Problem details: Images are not part of the copy; transcribe all the data exactly.

Data below:
====
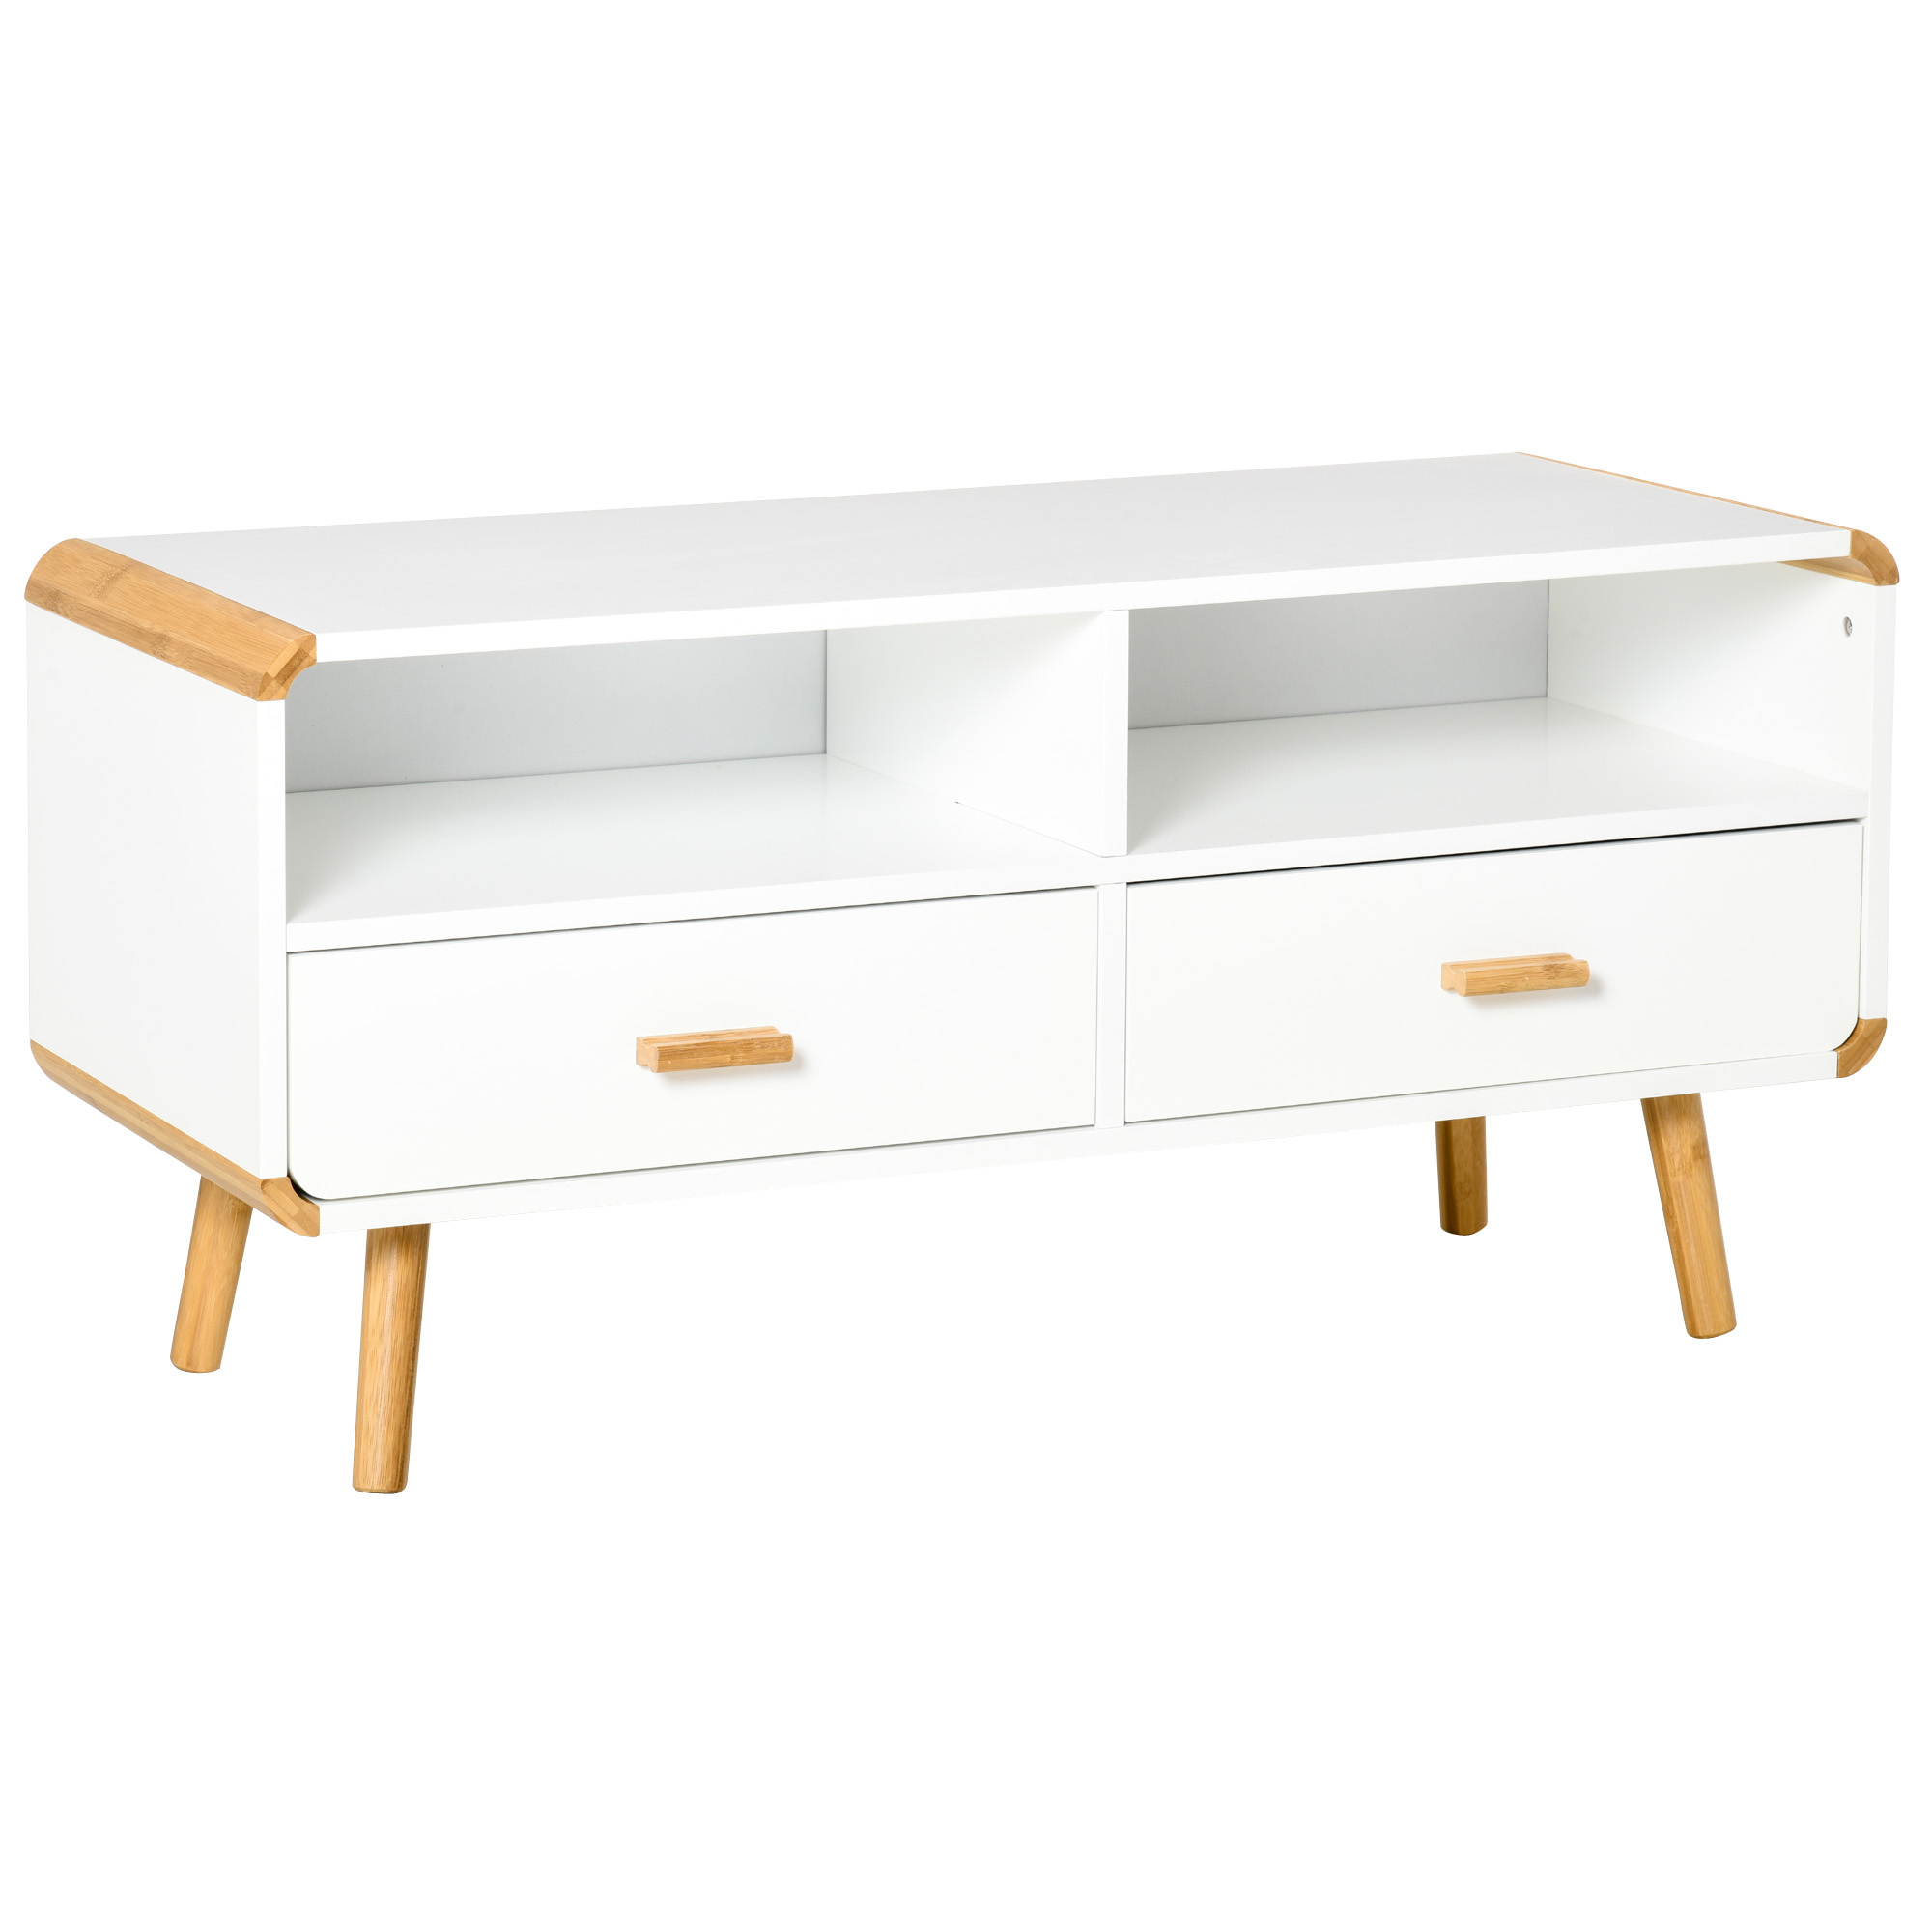 Meuble TV bas sur pieds style scandinave 2 niches 2 tiroirs MDF blanc bois massif bambou
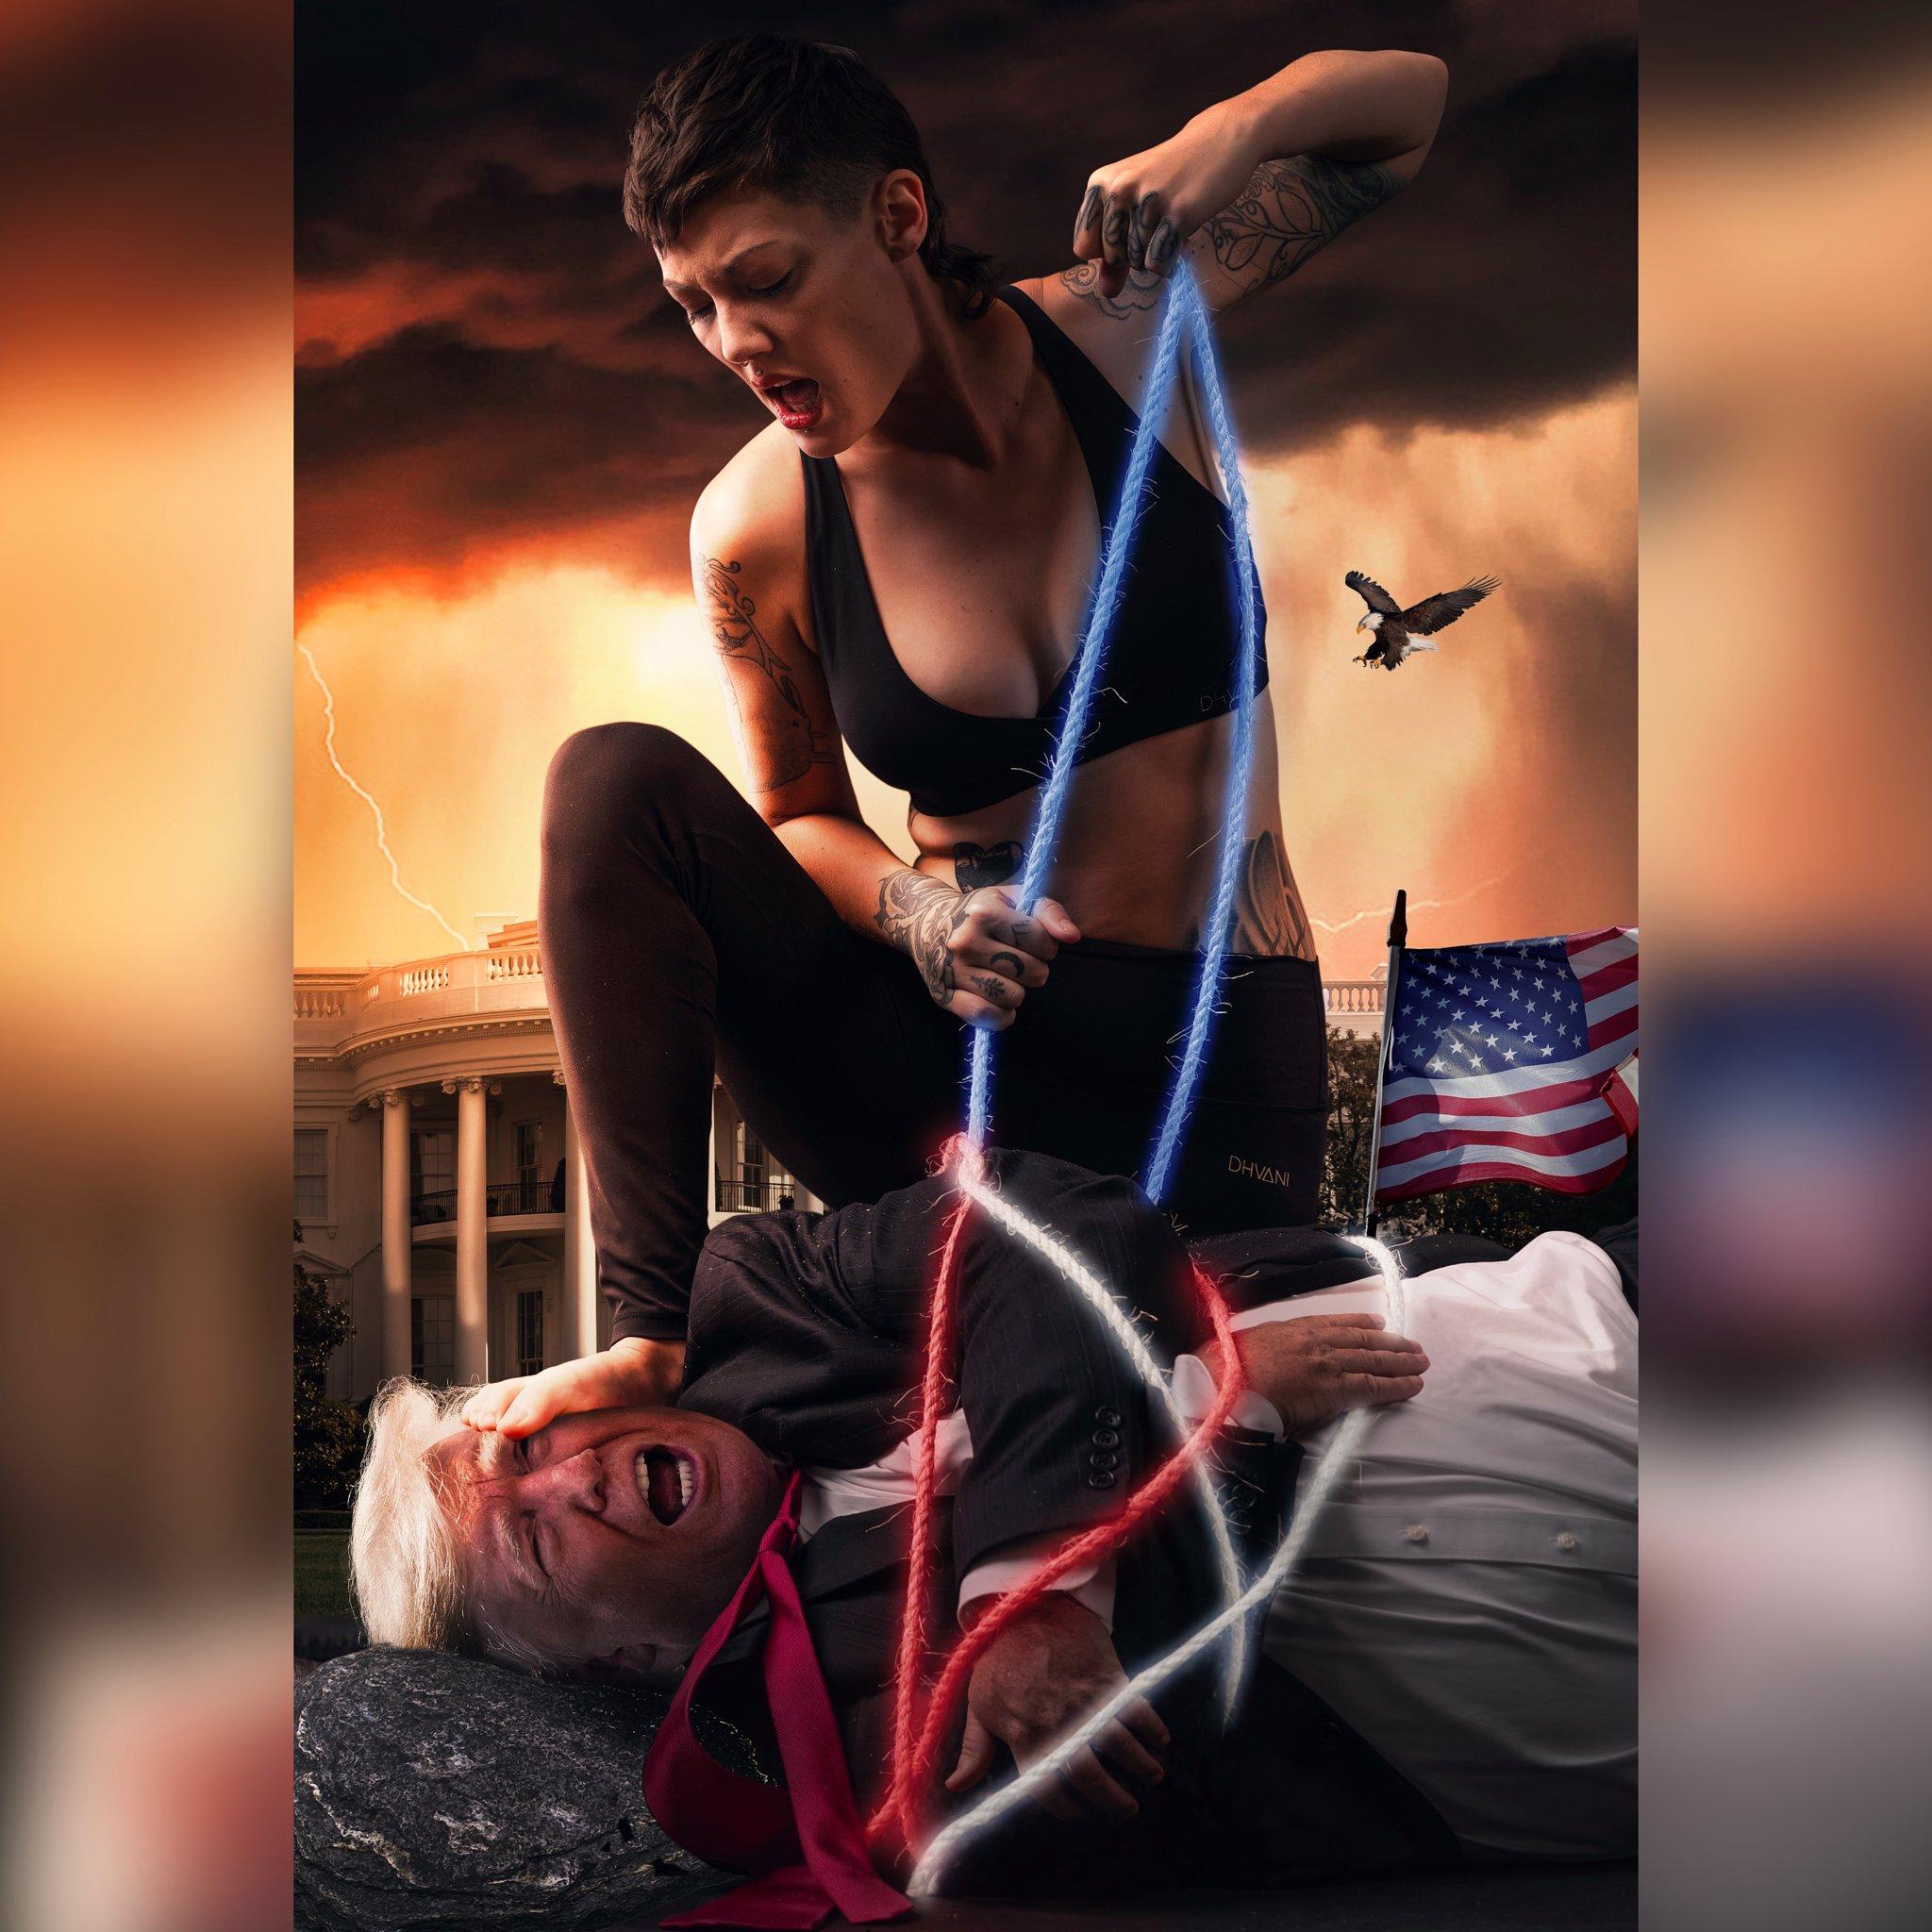 Woman tying up President Trump
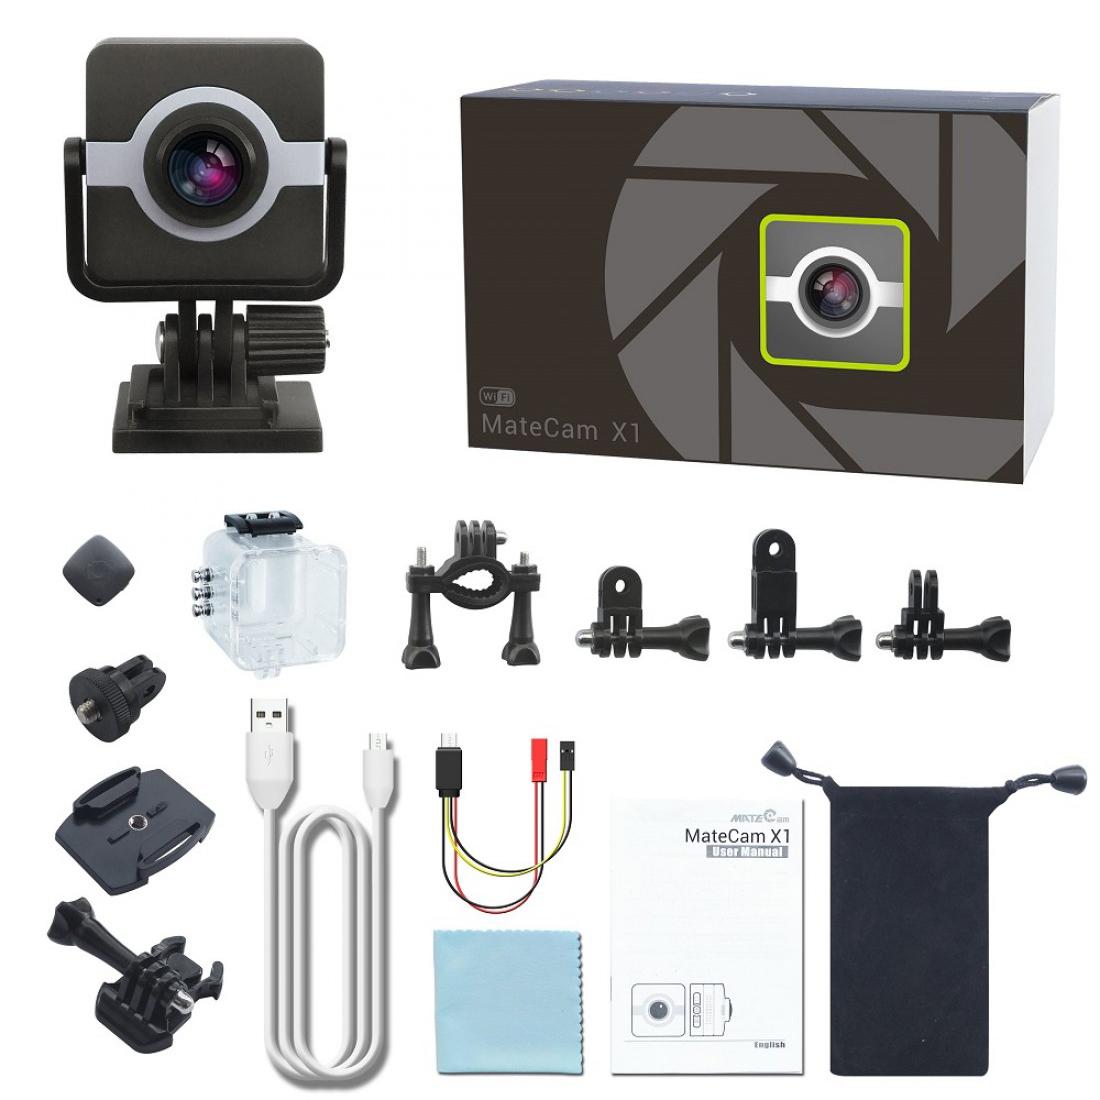 Matecam X1 Car Dashboard Camera Cam recorder WIFI Sports Action Camera 4K-HI Ultra HD Waterproof DV Camcorder 16MP 160 Degree Wide Angle WIFIG-SensorGyro StabilizationMotion DetectionRemote control RC cam Bike Helmet Cam  ( (4)
====
Written answer:
 Meuble TV bas sur pieds style scandinave 2 niches 2 tiroirs MDF blanc bois massif bambou
 Woman tying up President Trump
 Matecam X1 Car Dashboard Camera Cam recorder WIFI Sports Action Camera 4K-HI Ultra HD Waterproof DV Camcorder 16MP 160 Degree Wide Angle WIFIG-SensorGyro StabilizationMotion DetectionRemote control RC cam Bike Helmet Cam  ( (4)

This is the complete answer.